• INPUT MATERIAL:
────────────────────────────────────────
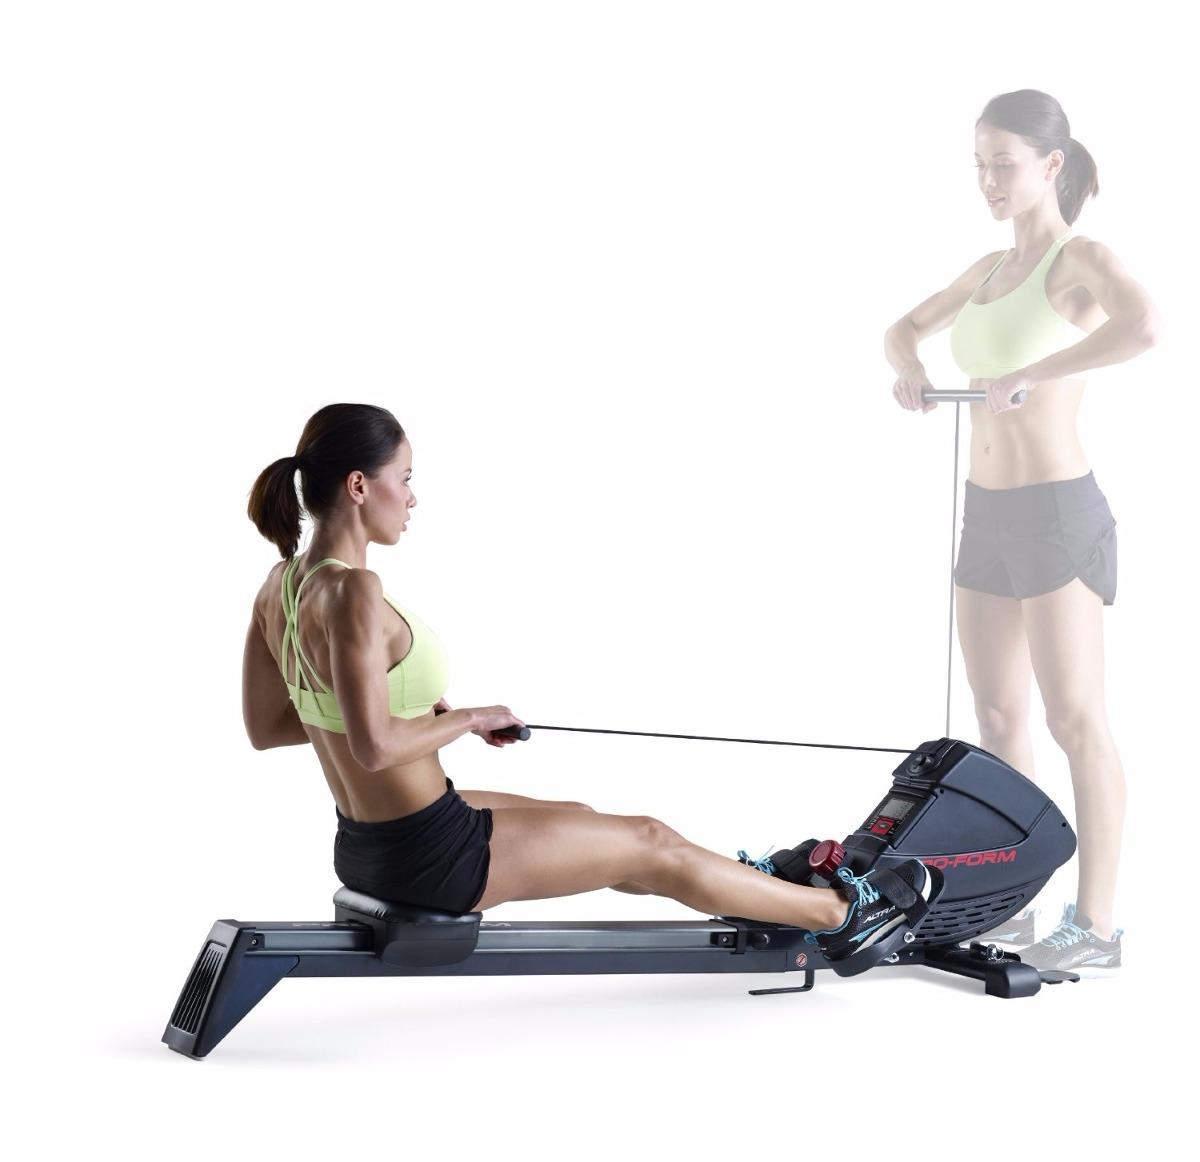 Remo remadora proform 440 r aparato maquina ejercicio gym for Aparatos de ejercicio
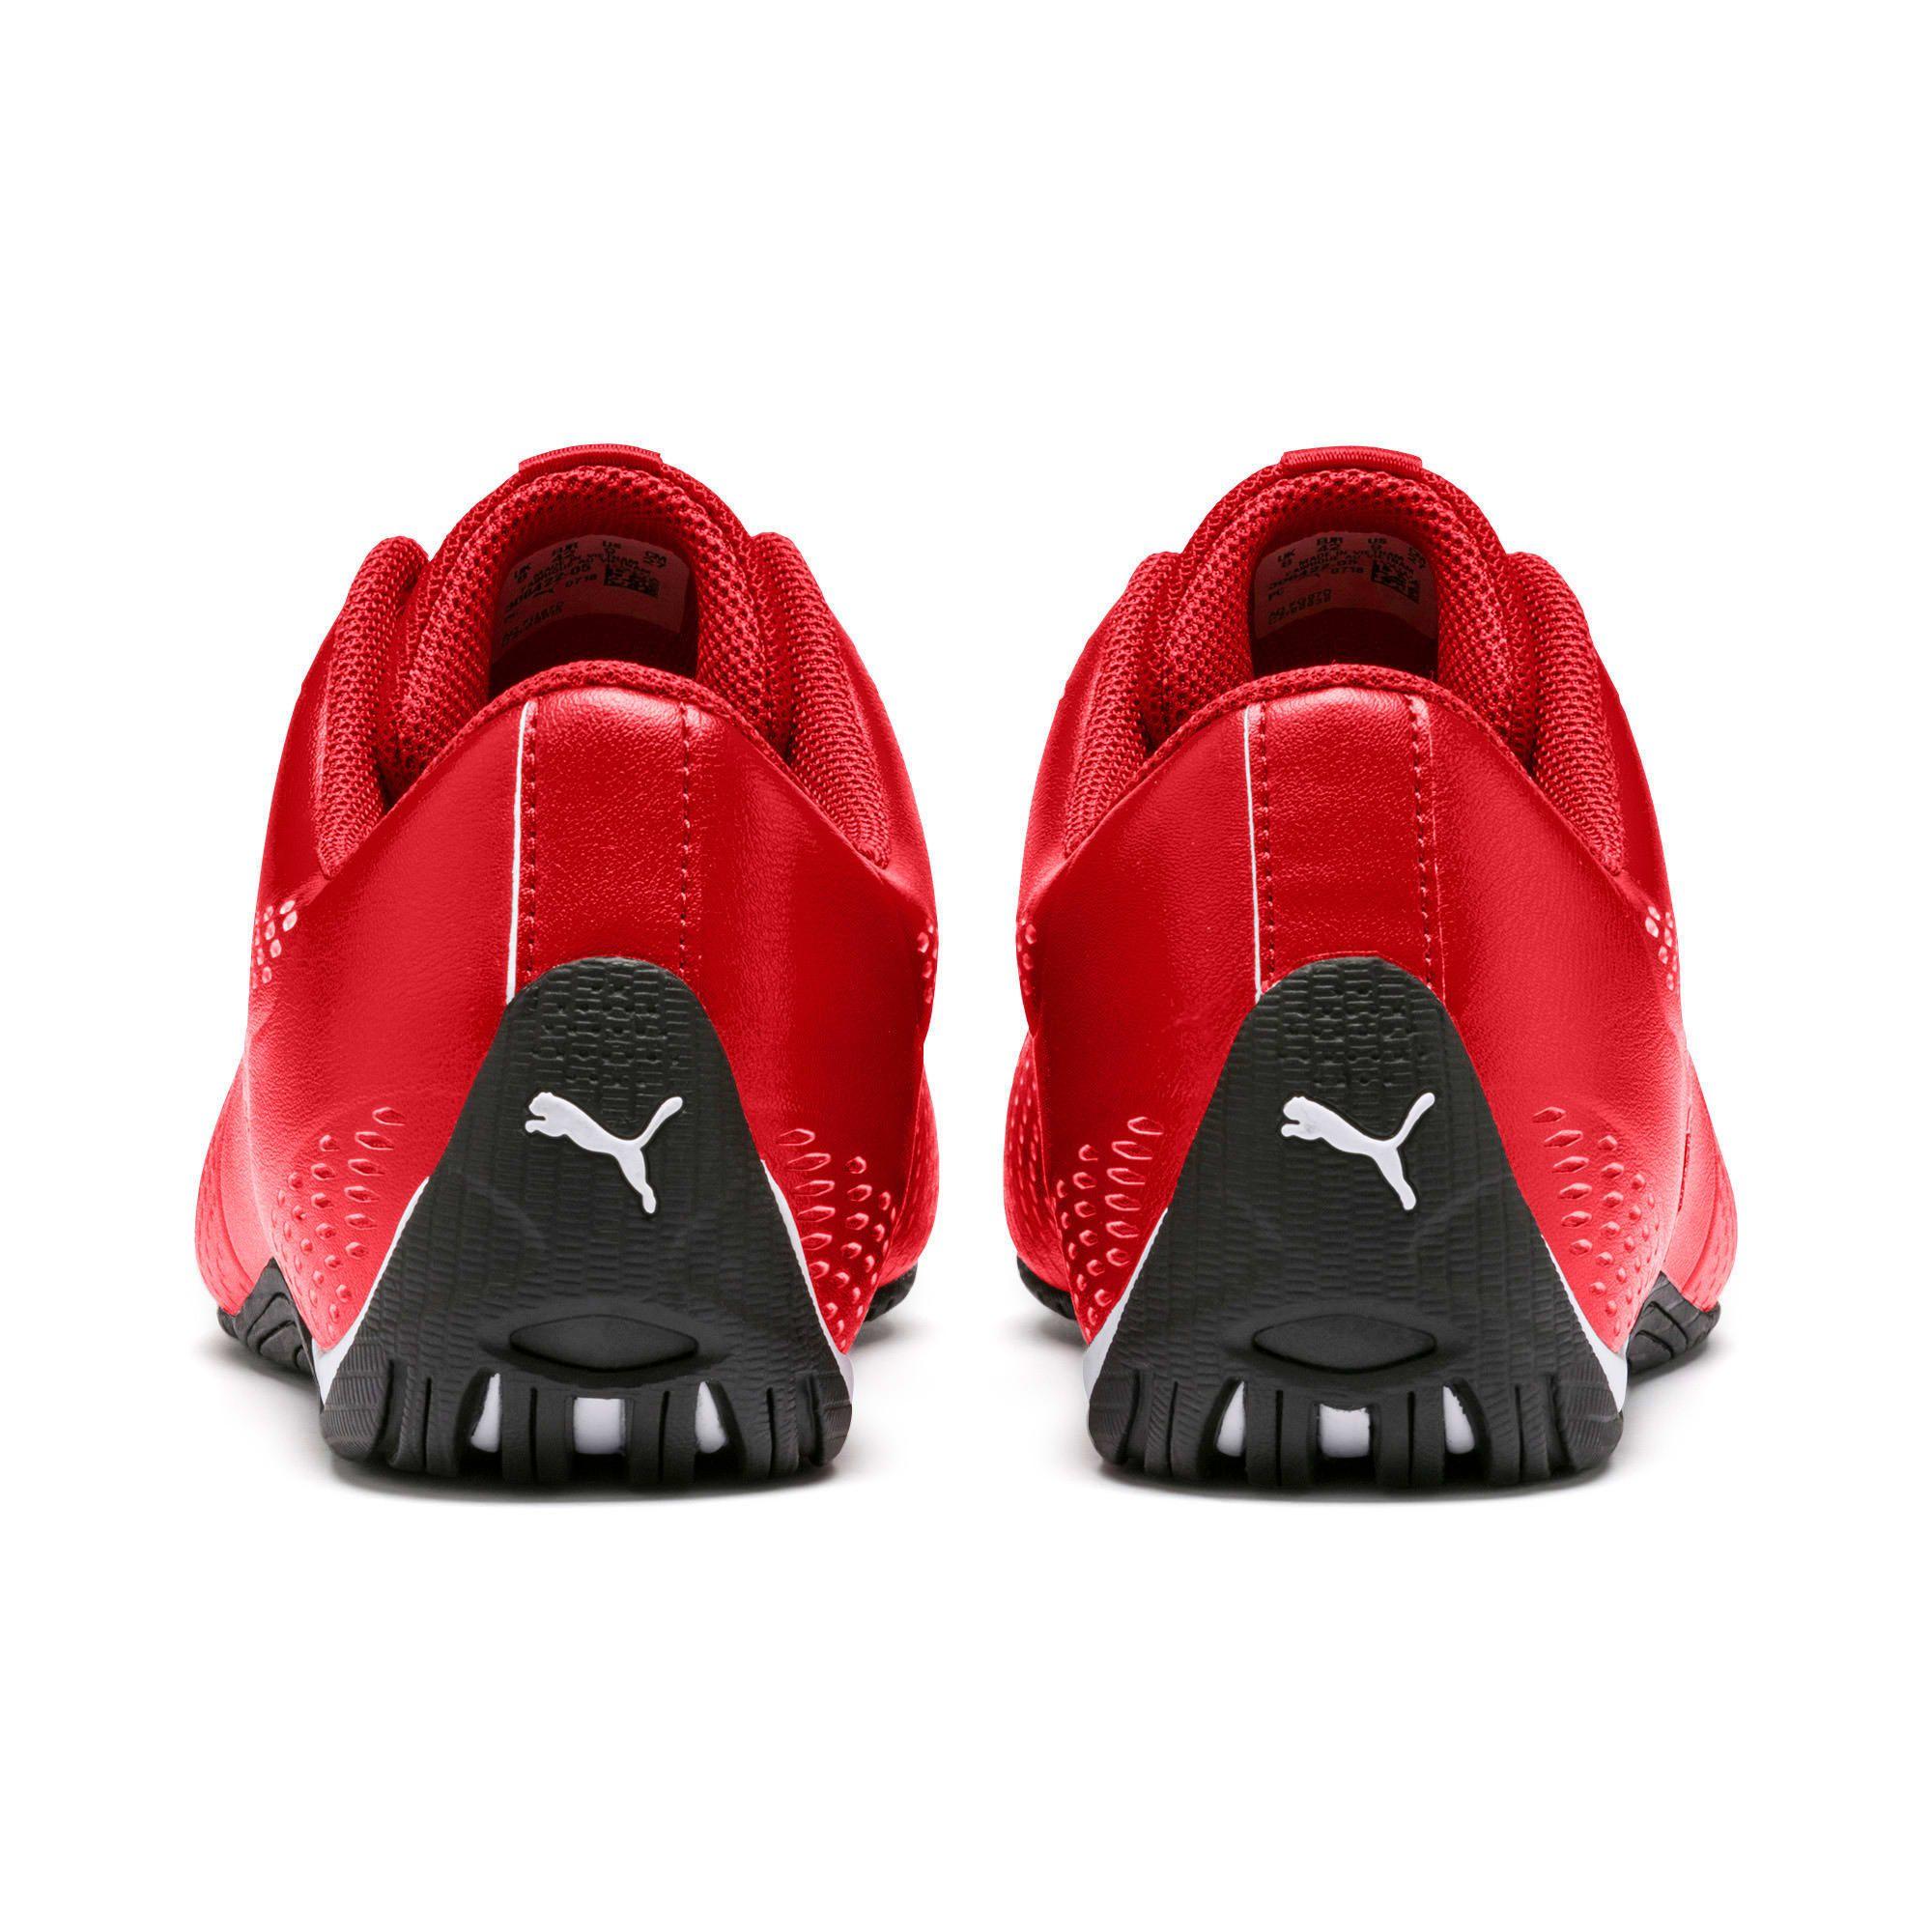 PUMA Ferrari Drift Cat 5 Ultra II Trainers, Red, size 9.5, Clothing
────────────────────────────────────────
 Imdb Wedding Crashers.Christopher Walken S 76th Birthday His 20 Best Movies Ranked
────────────────────────────────────────
• PROBLEM STATEMENT:
Now transcribe the lines above exactly, starting at the line containing "Remo remadora proform" and ending at the line containing "PUMA Ferrari Drift", both lines included, pictures excluded.

• RESULT:
 Remo remadora proform 440 r aparato maquina ejercicio gym for Aparatos de ejercicio
 PUMA Ferrari Drift Cat 5 Ultra II Trainers, Red, size 9.5, Clothing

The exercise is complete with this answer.